Skillquality 0.45

error-analysis

Systematically identify and categorize failure modes in evaluated traces using Truesight datasets and error-analysis tools. Use when quality issues are unclear, after major pipeline changes, or when incidents indicate drift.

Price

free

Protocol

skill

Verified

Endpoint

https://skills.sh/Goodeye-Labs/truesight-mcp-skills/error-analysis

What it does

Error Analysis

Guide the user through trace-grounded failure analysis and dataset labeling.

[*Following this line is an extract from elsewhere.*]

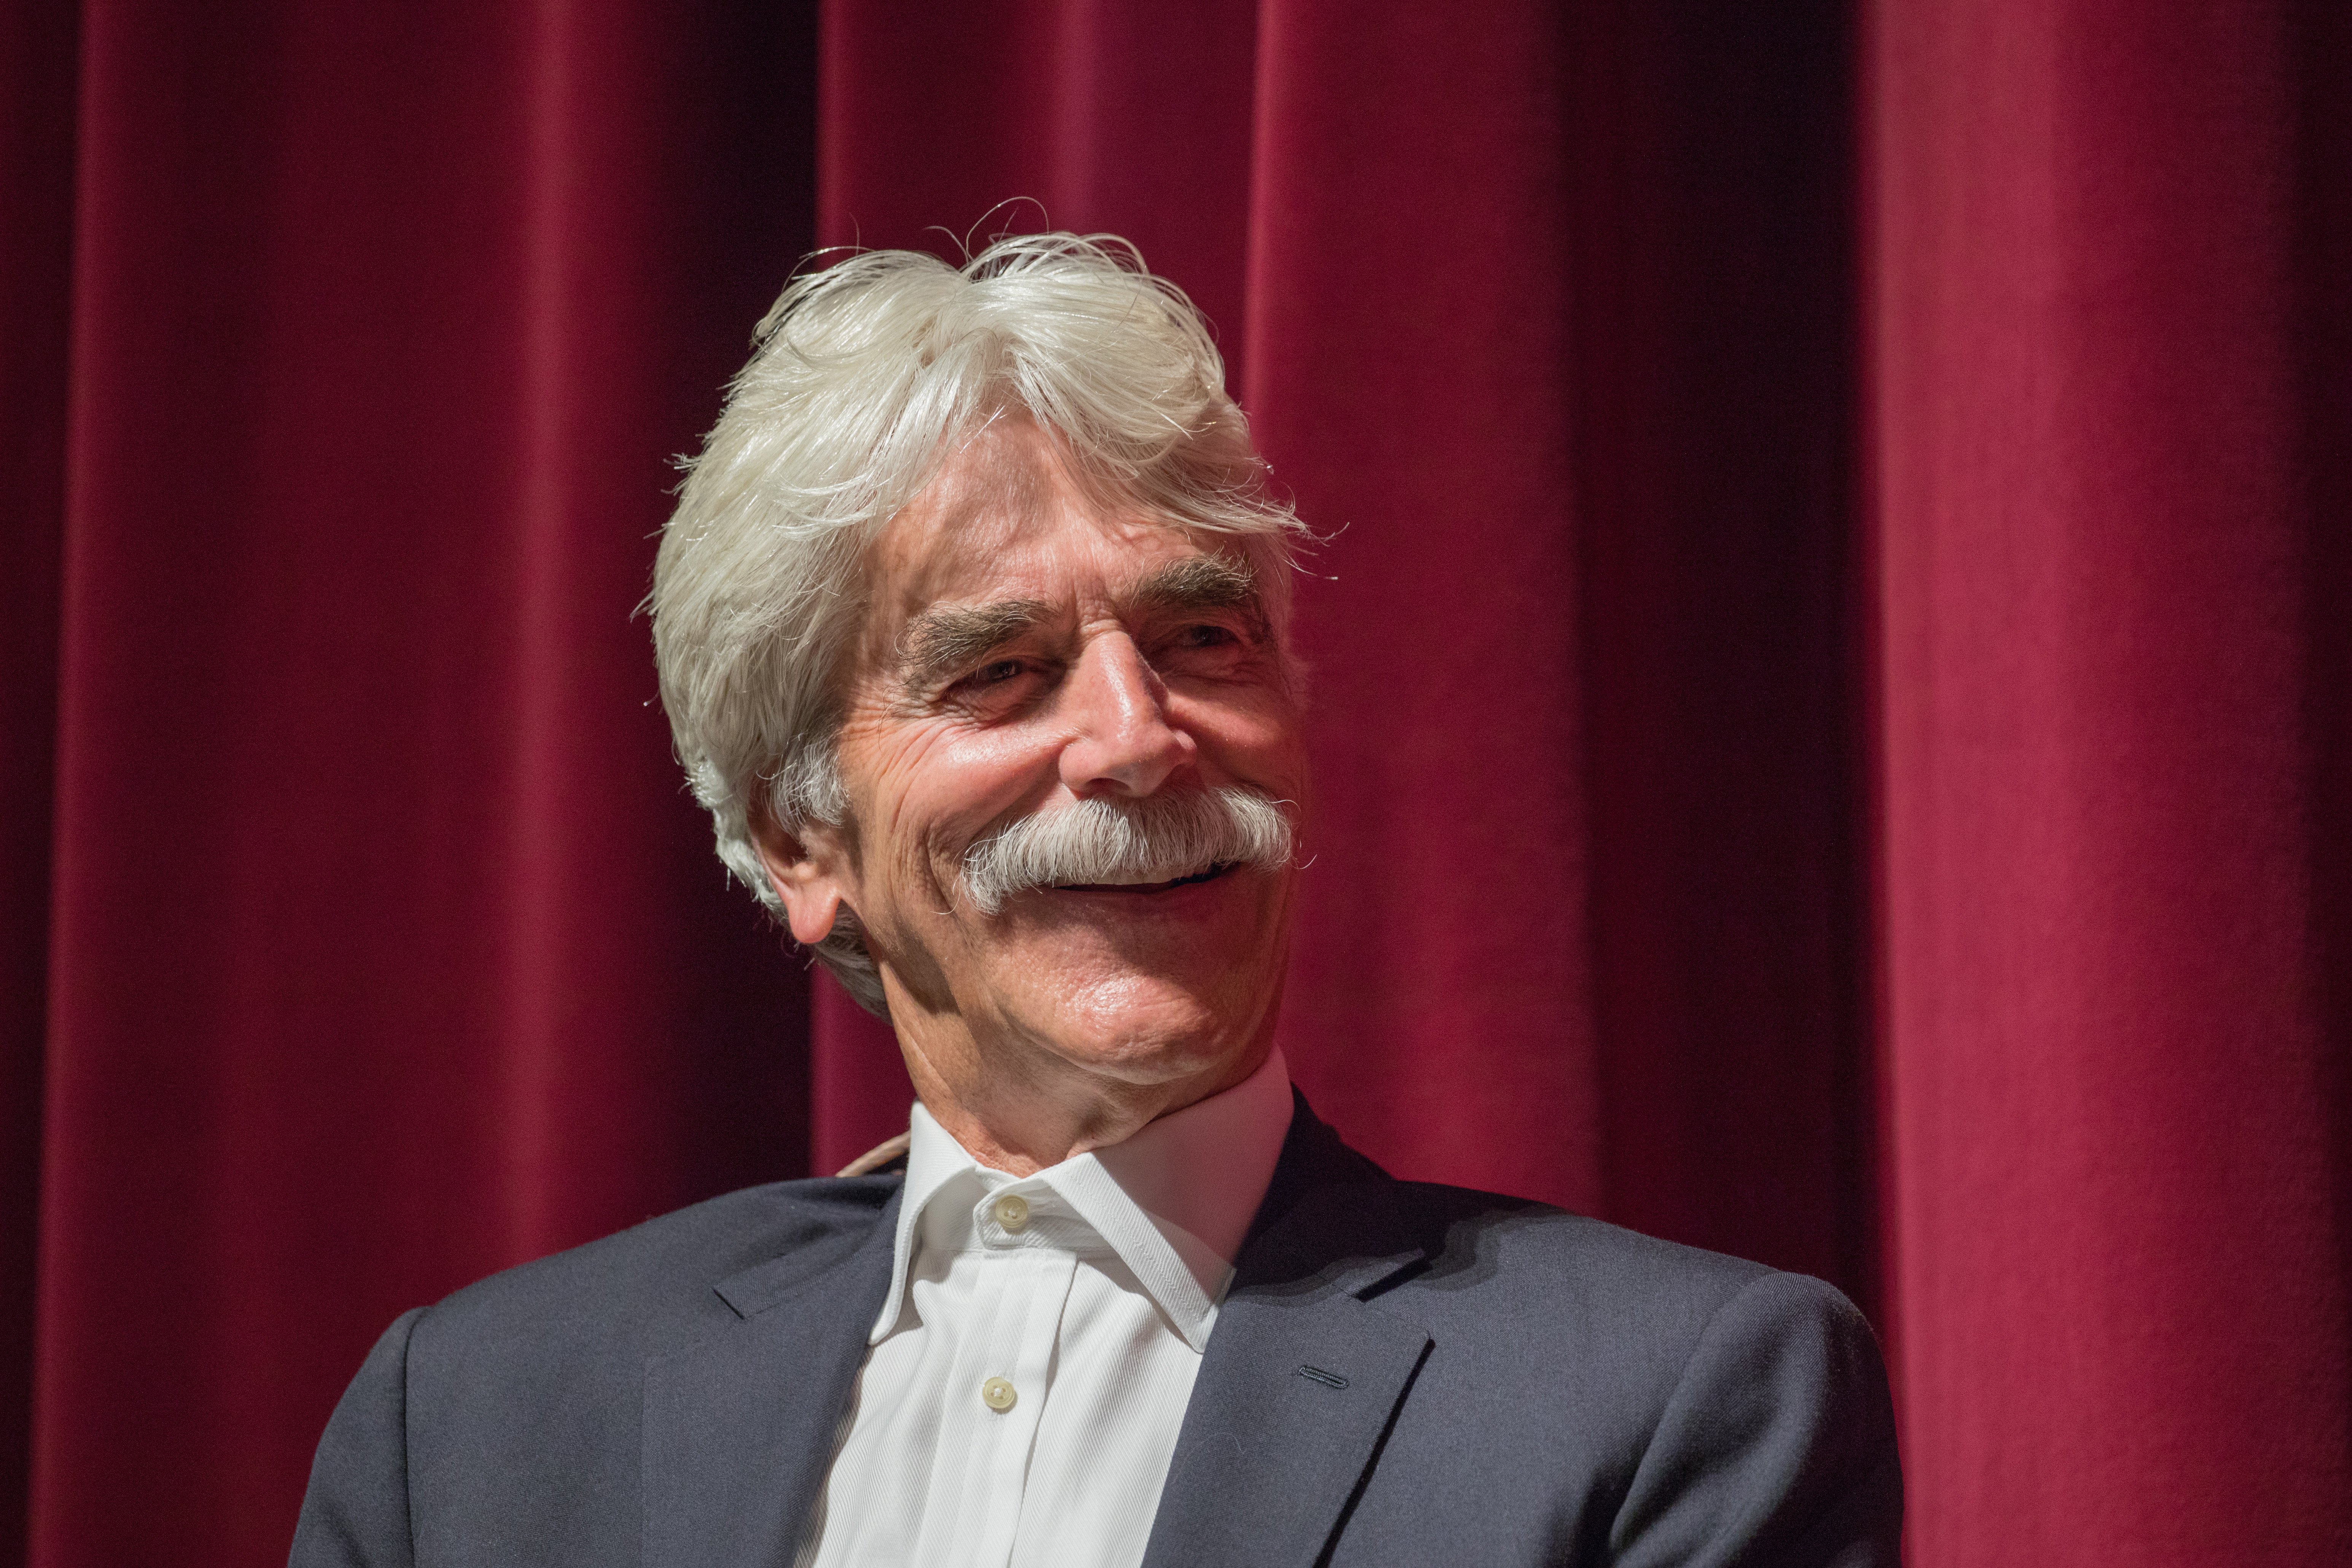 Sam Elliott at the 2019 Plaza Classic Film Festival on August 02, 2019 | Photo: GettyImages

Interactive Q&A protocol (mandatory)

<HARD-GATE> BEFORE the first scoping question, search for a structured question tool (e.g., `AskUserQuestion` or similar interactive widget) and load it. Use that tool for EVERY scoping question. Fall back to plain-text lettered options ONLY if no such tool exists in the environment. </HARD-GATE>

Ask one question at a time using the structured question tool (loaded per the HARD-GATE above).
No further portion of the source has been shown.